We employed a time-resolved multivariate IEM approach on MEG data to track the time courses of ongoing neural representations of two concurrently attended orientations. We found that the neural representations of the two orientations, instead of being simultaneously and persistently enhanced, waxed and waned in a theta-band rhythm and alternated with each other over time. This temporal pattern was also observed in the time-resolved performance of an orientation discrimination task when subjects concurrently attended to the two orientations. Using computational modeling, we found that this pattern might be mediated by a tuning competition process, whereby neuronal groups tuned to one of the attended orientations modulate their tuning width at different phases of a theta-band cycle. Together, our findings support a rhythmical attention shift in the feature space, suggesting that the brain might employ a time-multiplexing approach to represent and maintain multiple attended features.

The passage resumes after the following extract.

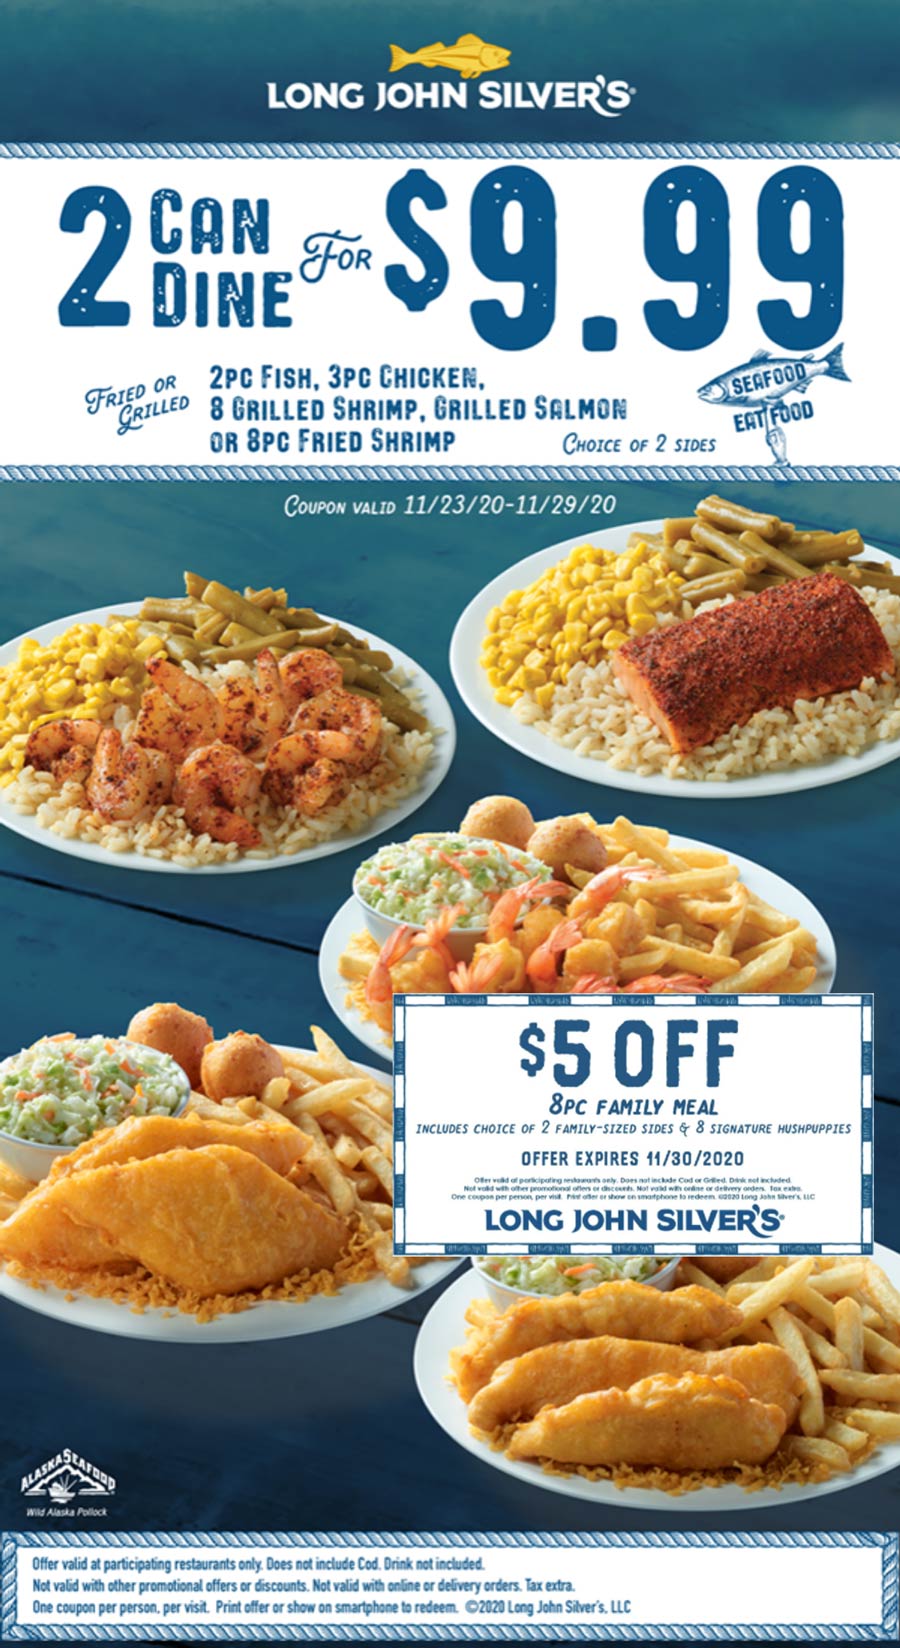 $5 off 8pc family meal & more at Long John Silvers #longjohnsilvers ...

The temporal dynamics of orientation representation we discovered here suggest that attention resource could be flexibly switched and reallocated among multiple features over time. Consistent with a very recent behavioral study that revealed rhythmic structures in the time-resolved behavioral performance of a feature-based attention task10, our findings could be conceptualized as the attended orientations being alternatively lightened by a feature-based attention spotlight that bypasses spatial topography. The notion of an attention spotlight scanning through the feature space is consistent with an earlier finding that observers could successfully track visual objects that continuously changed in the feature space28. Notably, our findings bear directly on the fundamental question whether spatial and feature-based attention are mediated by similar neural mechanisms2,29,30,31. Neurophysiological studies have found that both firing rates and spike correlations between neuron pairs are similarly affected by the two forms of attention. Specifically, attending to a location or a feature increases the response of the neurons whose preferred feature or location matches that of the attention target2,32,33 and simultaneously decreases their response correlations7. Our data are in line with these findings. At least for multiple attention targets, the two attention forms operate at the same time scale (i.e., ~4 Hz), thus suggesting similar mechanisms mediating the two attention forms.

Our findings, from both MEG recording and behavioral measurement, consistently show that attention to multiple features is coordinated at a theta-band rhythm, a rhythm known to implement attentional allocation among multiple locations11,13,14,25,34,35. In addition to attention, theta-band rhythm is also known to be involved in other cognitive functions that deal with multiple items simultaneously. For example, it was found that sustained theta-band power during the delay period in working memory tasks36 could predict subsequent retrieval performance37. By phase-modulating the gamma-band power, the theta-band rhythm served a critical function in disambiguating individual items held in working memory38 and encoding their relationships39. Therefore, theta-band rhythm might act as a functional bridge that connects a cascade of cognitive processes40, including information selection, representation, storage, and readout, with external behaviors. Functionally, this ubiquitous temporal code is utilized to facilitate the information exchange and coordination between different brain regions that are involved in these cognitive processes41, and helps to enhance processing capacity in attention and memory42,43.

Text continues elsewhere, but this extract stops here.